Faculty of Health Sciences, The University of Sydney, Sydney, NSW, Australia.
J Physiother. 2010;56(2):73-85. doi: 10.1016/s1836-9553(10)70037-0.
QUESTION: Which interventions for non-specific neck pain are effective in reducing pain or disability? DESIGN: Systematic review with meta-analysis of randomised controlled trials. PARTICIPANTS: Adults with non-specific neck pain. INTERVENTION: All interventions for neck pain that were evaluated in trials with a placebo, minimal- or no-intervention control. OUTCOME MEASURES: Pain and disability outcomes (0-100 scale) at the conclusion of a course of treatment (short term), and in the medium (3 to 9 months) and long (> 9 months) term. RESULTS: 33 trials were identified. The interventions with significant short-term effects on pain were manipulation (MD -22, 95% CI -32 to -11), multimodal intervention (MD -21, 95% CI -34 to -7), specific exercise (MD -12, 95% CI -22 to -2), combination orphenadrine/paracetamol (MD -17, 95% CI -32 to -2), and manual therapy (MD -12, 95% CI -16 to -7). There was a significant short-term effect on disability for acupuncture (MD -8, 95% CI -13 to -2) and manual therapy (MD -6, 95% CI -11 to -2). Treatment with laser therapy resulted in better pain outcomes at medium-term follow-up but not at short-term follow-up. No other intervention demonstrated medium- or long-term effects. CONCLUSION: Some conservative interventions for neck pain are effective in the short term. Few interventions that have been investigated have shown longer term effects that are better than placebo or minimal intervention.

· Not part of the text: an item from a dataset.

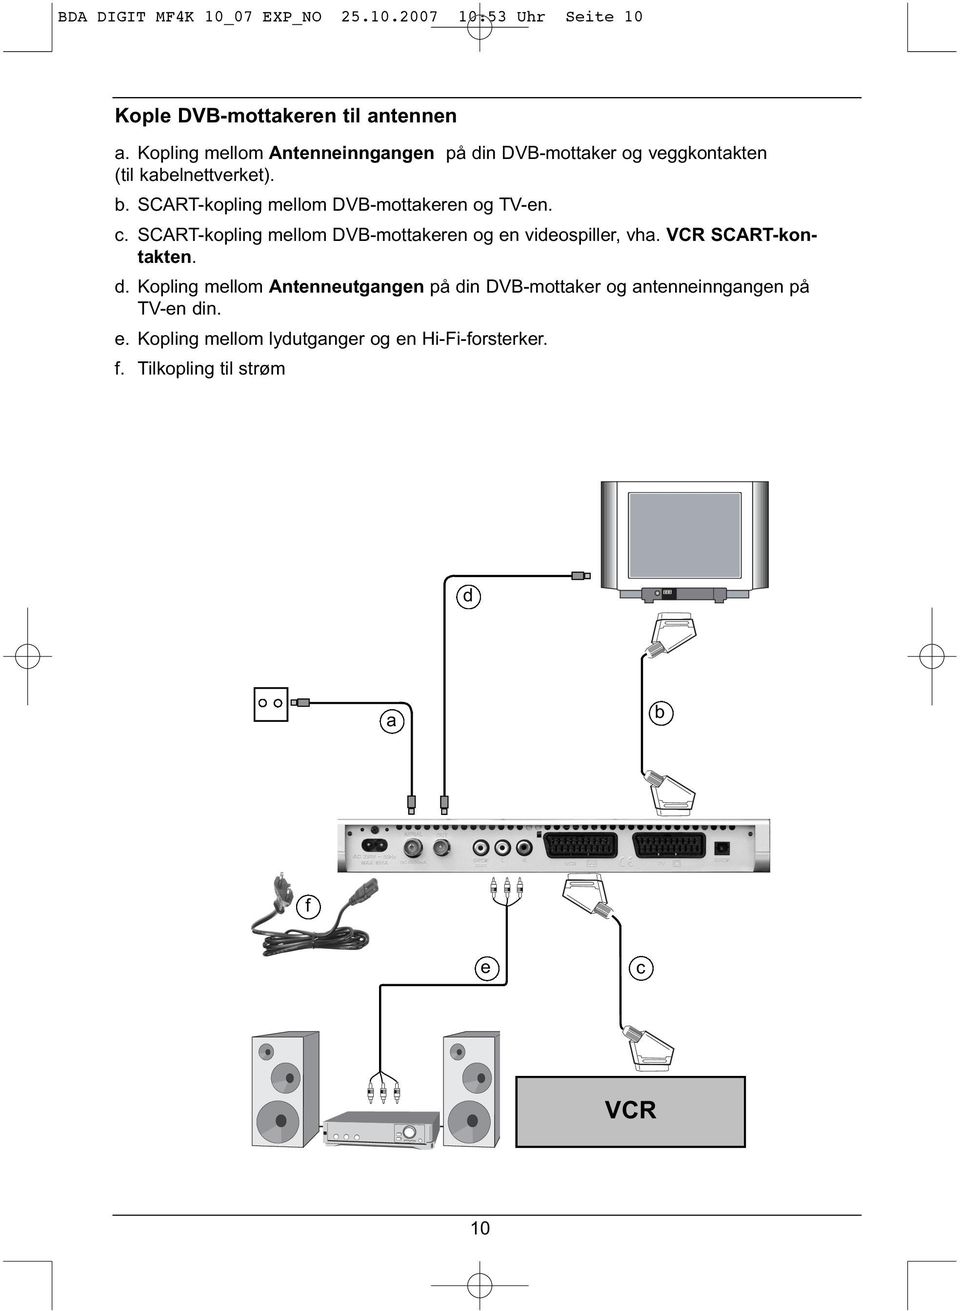 SCART-kopling mellom DVB-mottakeren og TV-en. c. SCART-kopling mellom DVB-mottakeren og en videospiller, vha.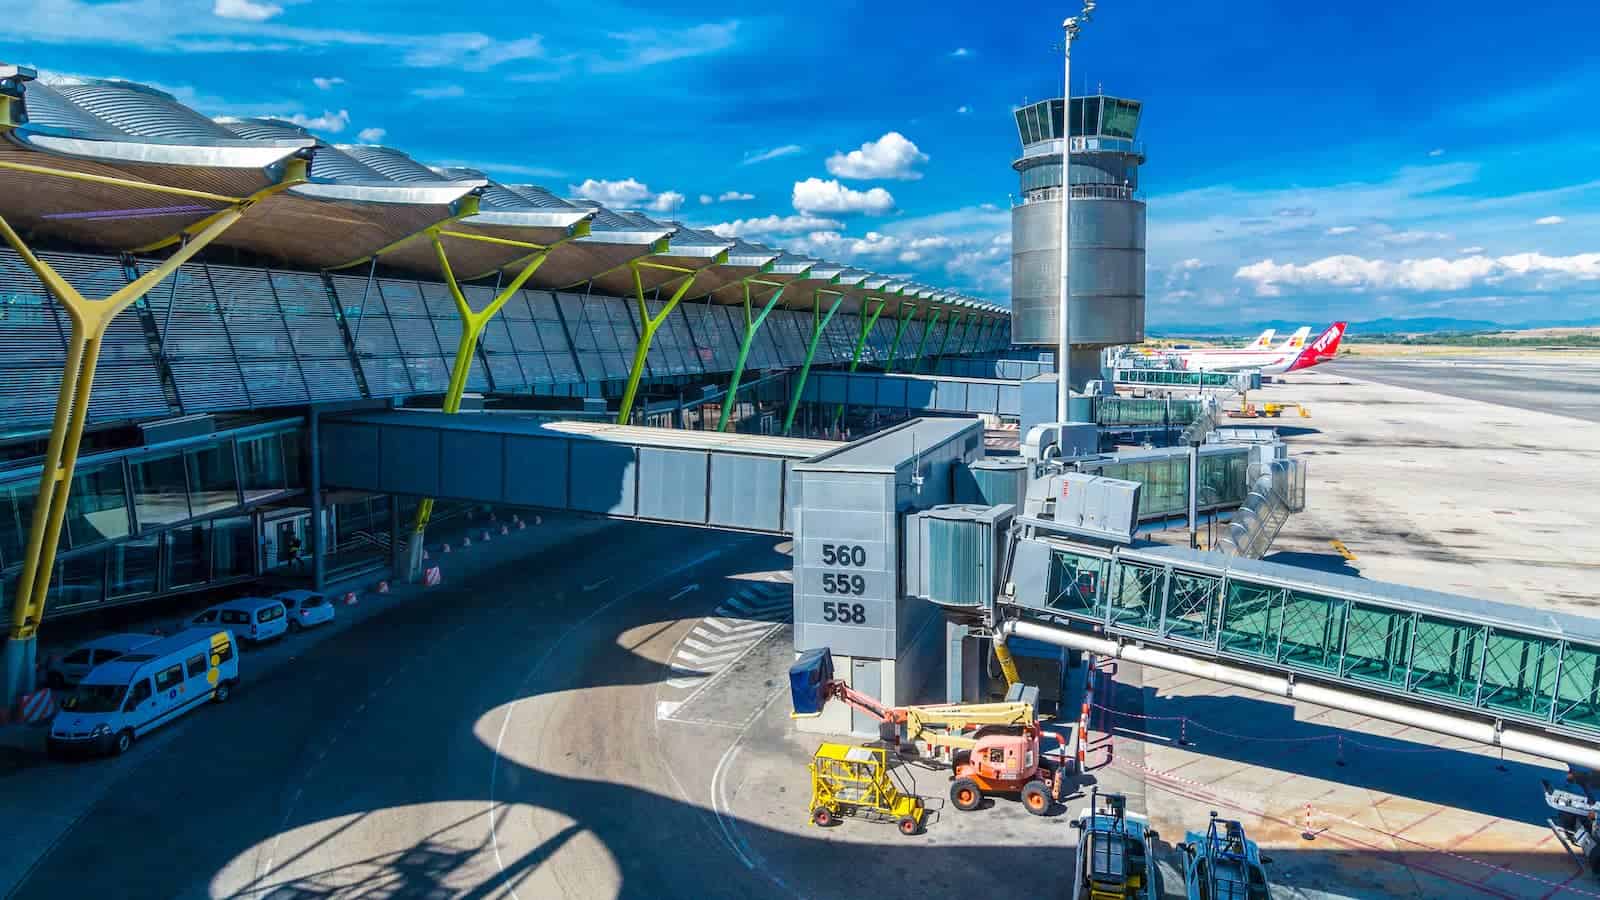 Madrid-Barajas Airport (MAD)

问题:哪些针对非特异性颈痛的干预措施能有效减轻疼痛或残疾?
设计:随机对照试验的系统评价和荟萃分析。
参与者:患有非特异性颈痛的成年人。
干预措施:所有在试验中接受安慰剂、最小或无干预对照评估的颈痛干预措施。
结局指标:治疗结束时(短期)以及中(3 至 9 个月)和长(>9 个月)期的疼痛和残疾结局(0-100 分)。
结果:确定了 33 项试验。在短期对疼痛有显著影响的干预措施包括手法治疗(MD-22,95%CI-32 至-11)、多模式干预(MD-21,95%CI-34 至-7)、特定运动(MD-12,95%CI-22 至-2)、组合扑热息痛/对乙酰氨基酚(MD-17,95%CI-32 至-2)和手法治疗(MD-12,95%CI-16 至-7)。针刺(MD-8,95%CI-13 至-2)和手法治疗(MD-6,95%CI-11 至-2)对残疾也有显著的短期影响。激光治疗在中期随访时疼痛结果更好,但在短期随访时则不然。没有其他干预措施显示出中、长期效果优于安慰剂或最小干预。
结论:一些针对颈痛的保守干预措施在短期内是有效的。已研究的少数干预措施显示出优于安慰剂或最小干预的长期效果。